Only the lines below from the one that contains "Biographie de Émile Zola" through the one that contains "漆沢祐樹 「世界通貨協議会」 ワールドカレンシーカンファレンス Youtube" should appear in your answer, exact and without pictures.

DATA UNDER STUDY.
━━━━━━
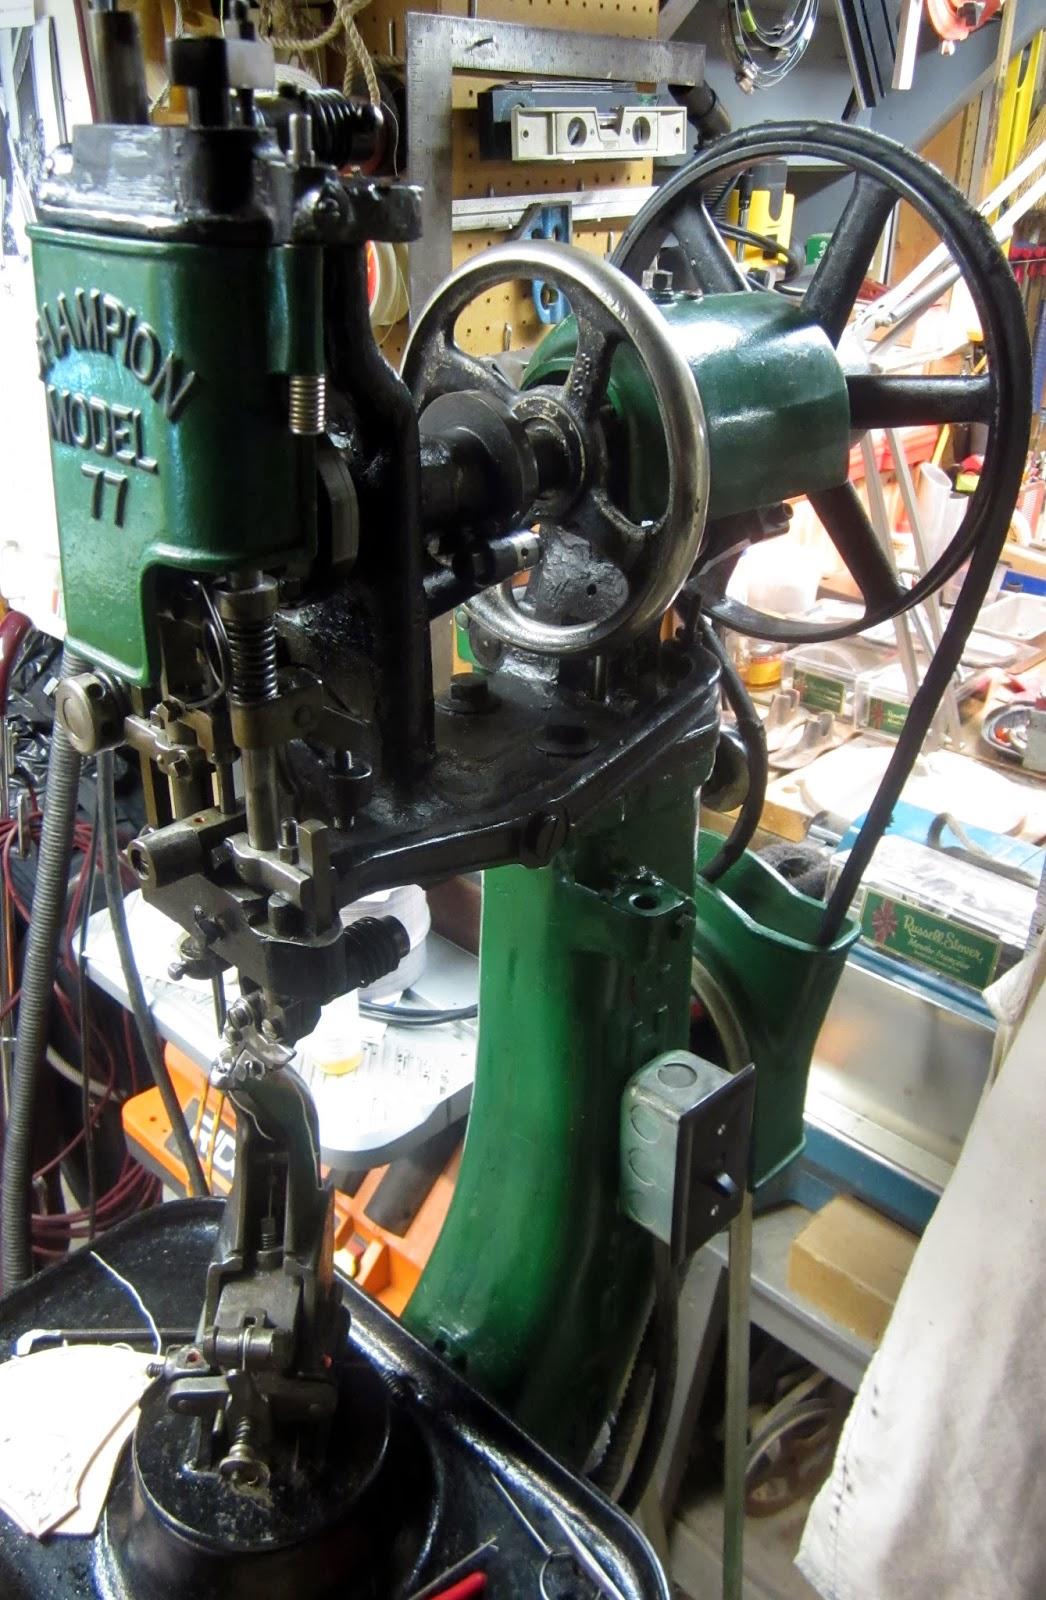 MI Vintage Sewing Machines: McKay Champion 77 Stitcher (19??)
━━━━━━
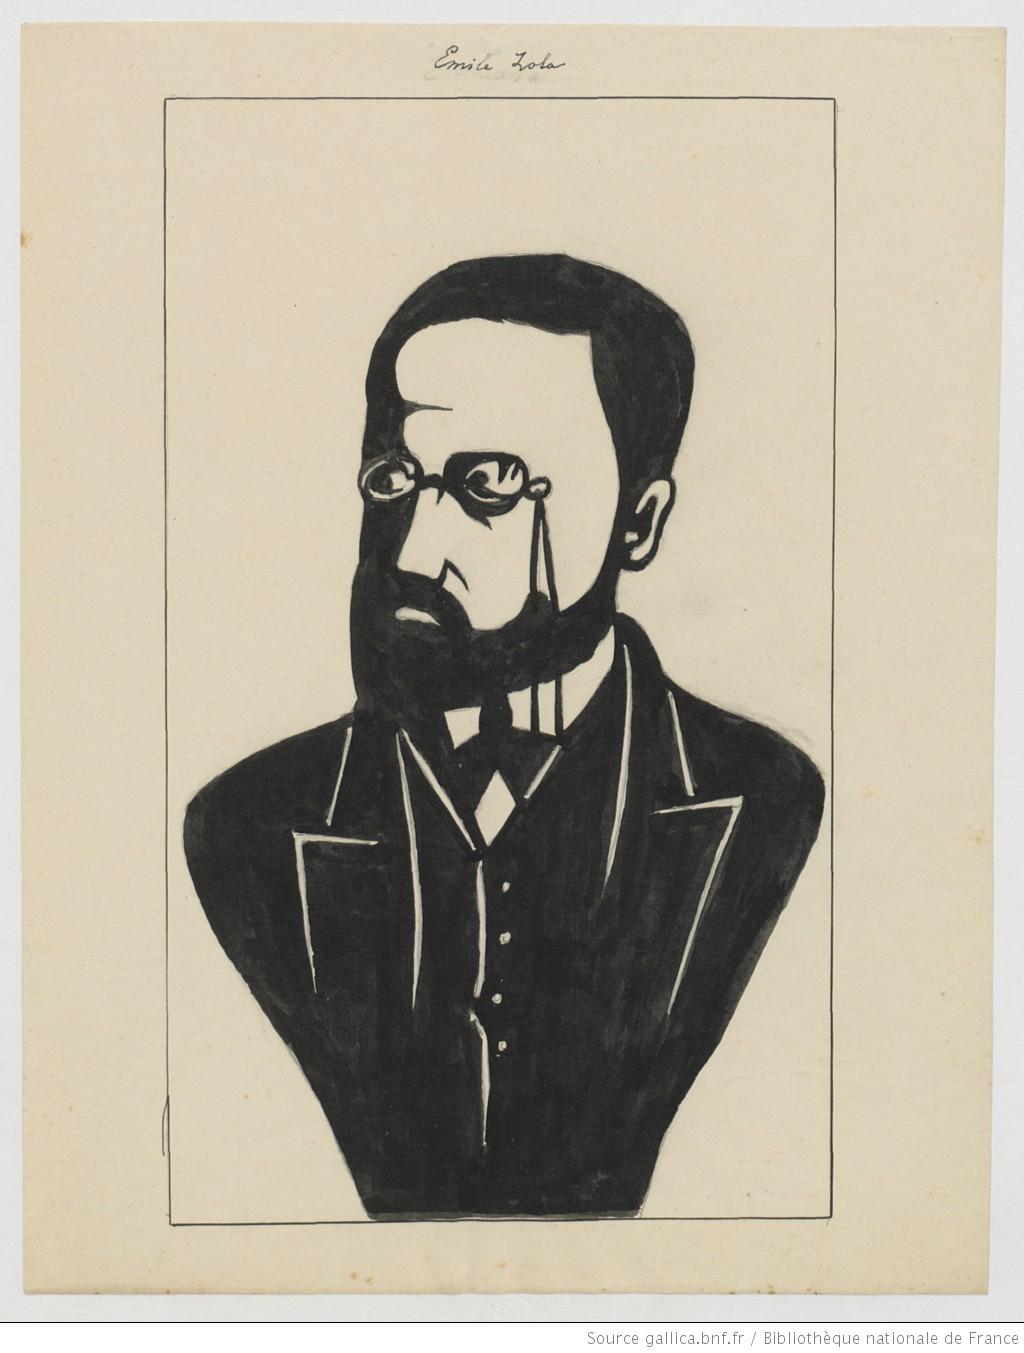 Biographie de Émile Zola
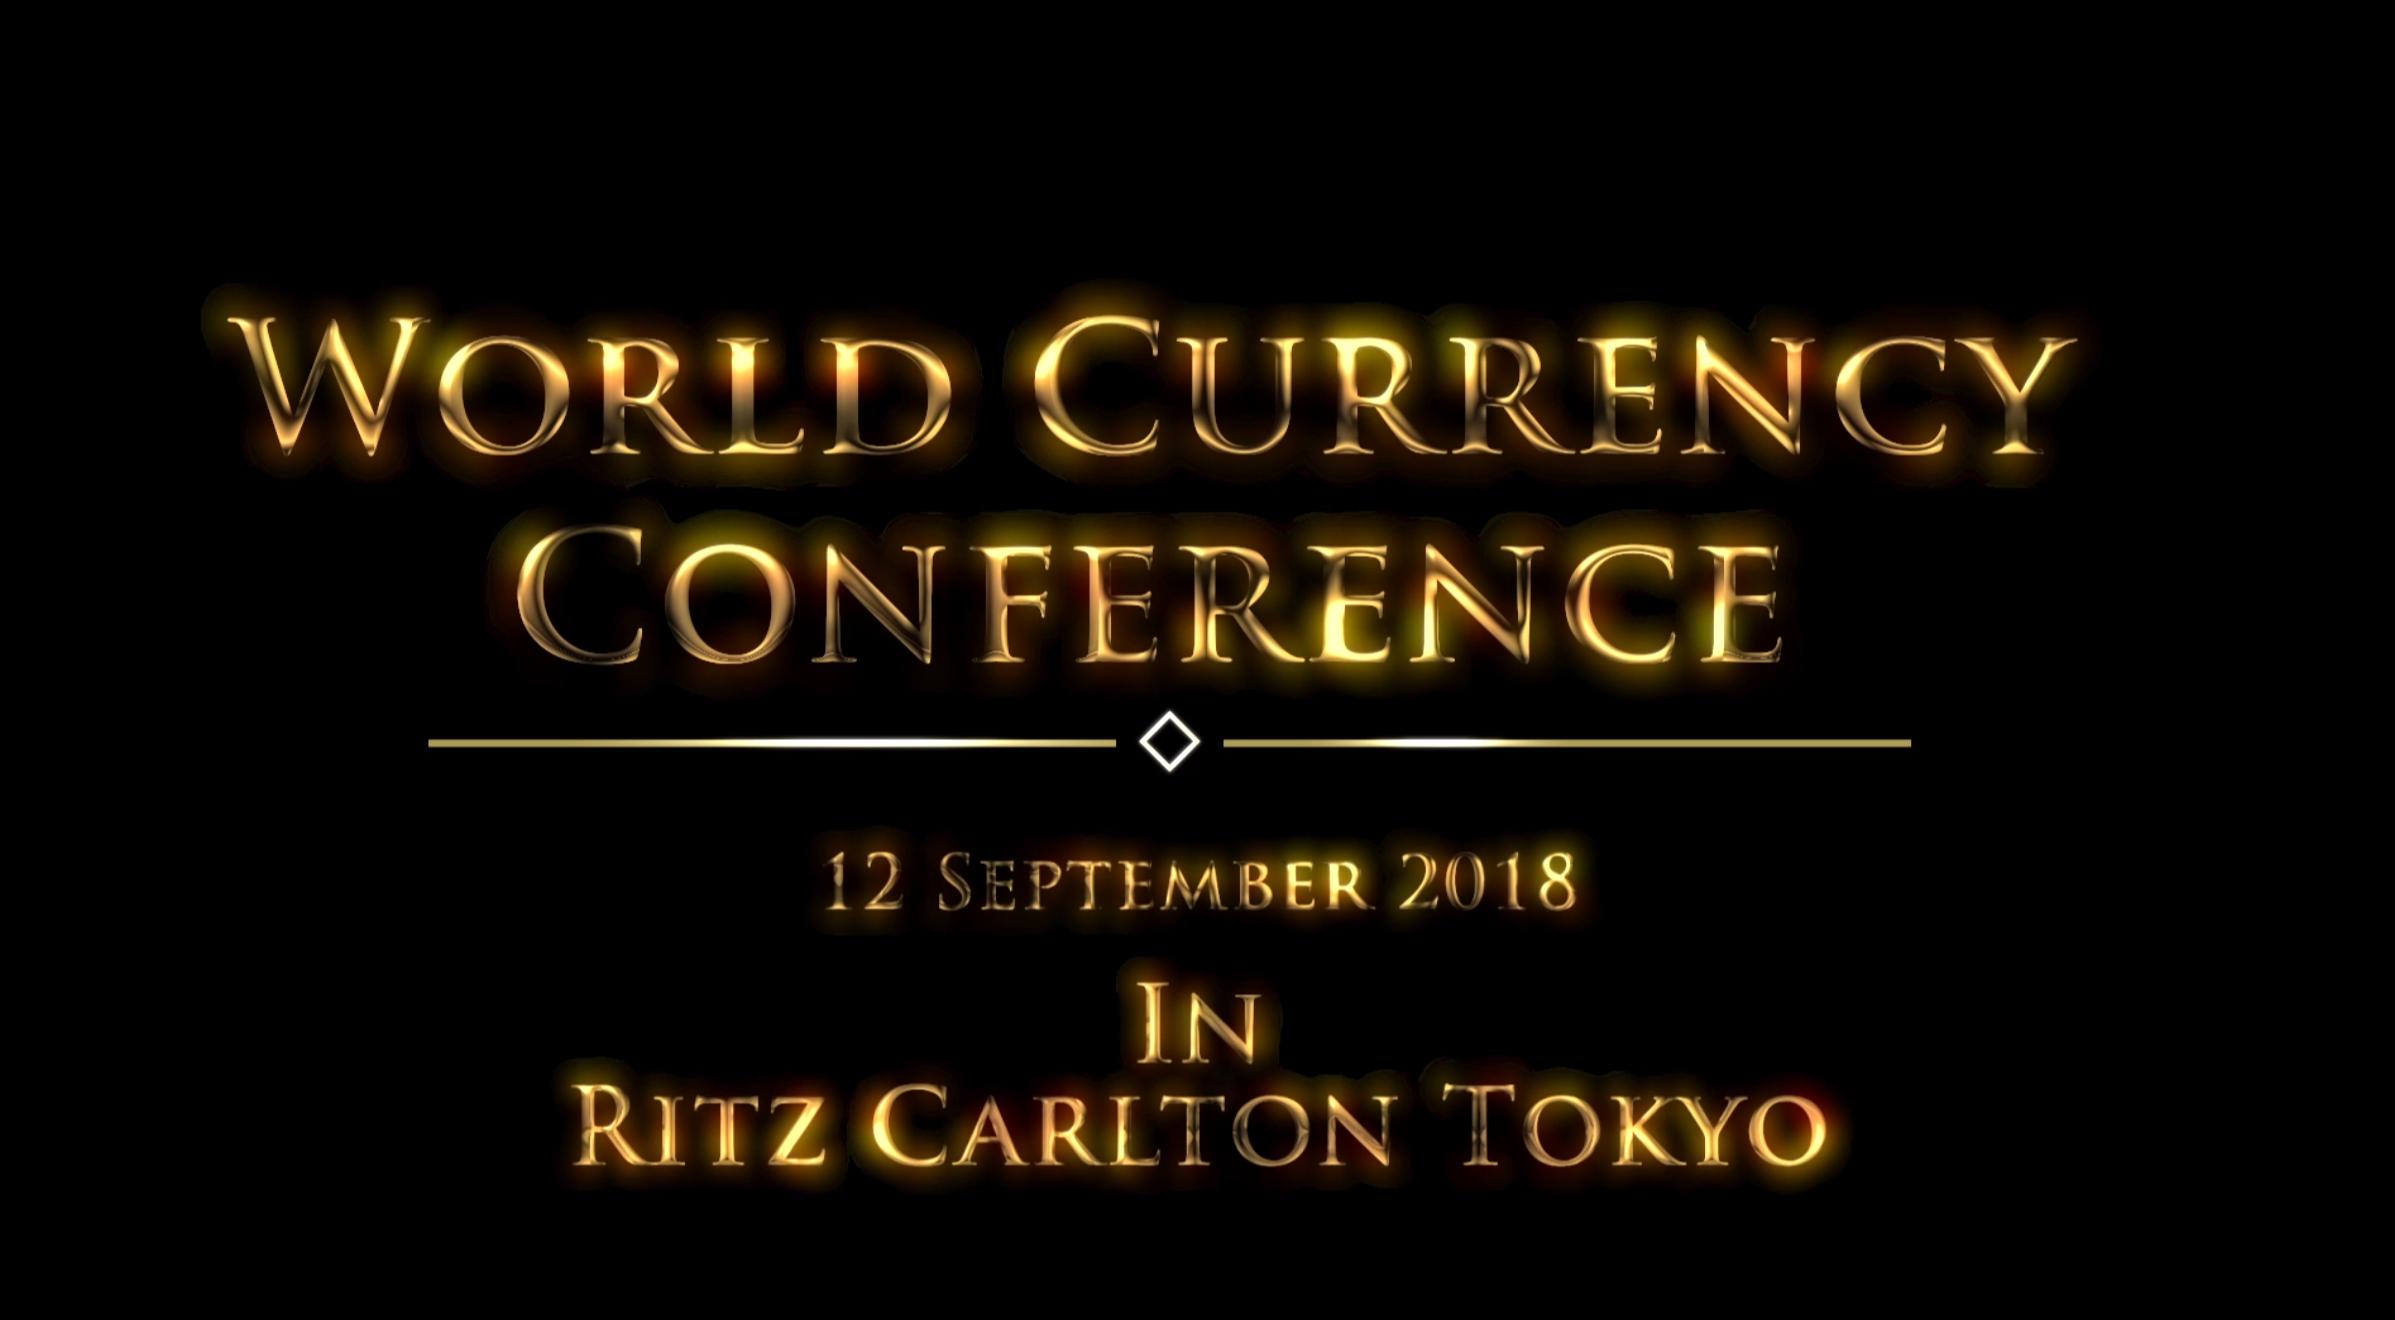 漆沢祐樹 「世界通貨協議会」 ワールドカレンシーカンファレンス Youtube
━━━━━━
ANSWER TO THIS TASK.
 Biographie de Émile Zola
 漆沢祐樹 「世界通貨協議会」 ワールドカレンシーカンファレンス Youtube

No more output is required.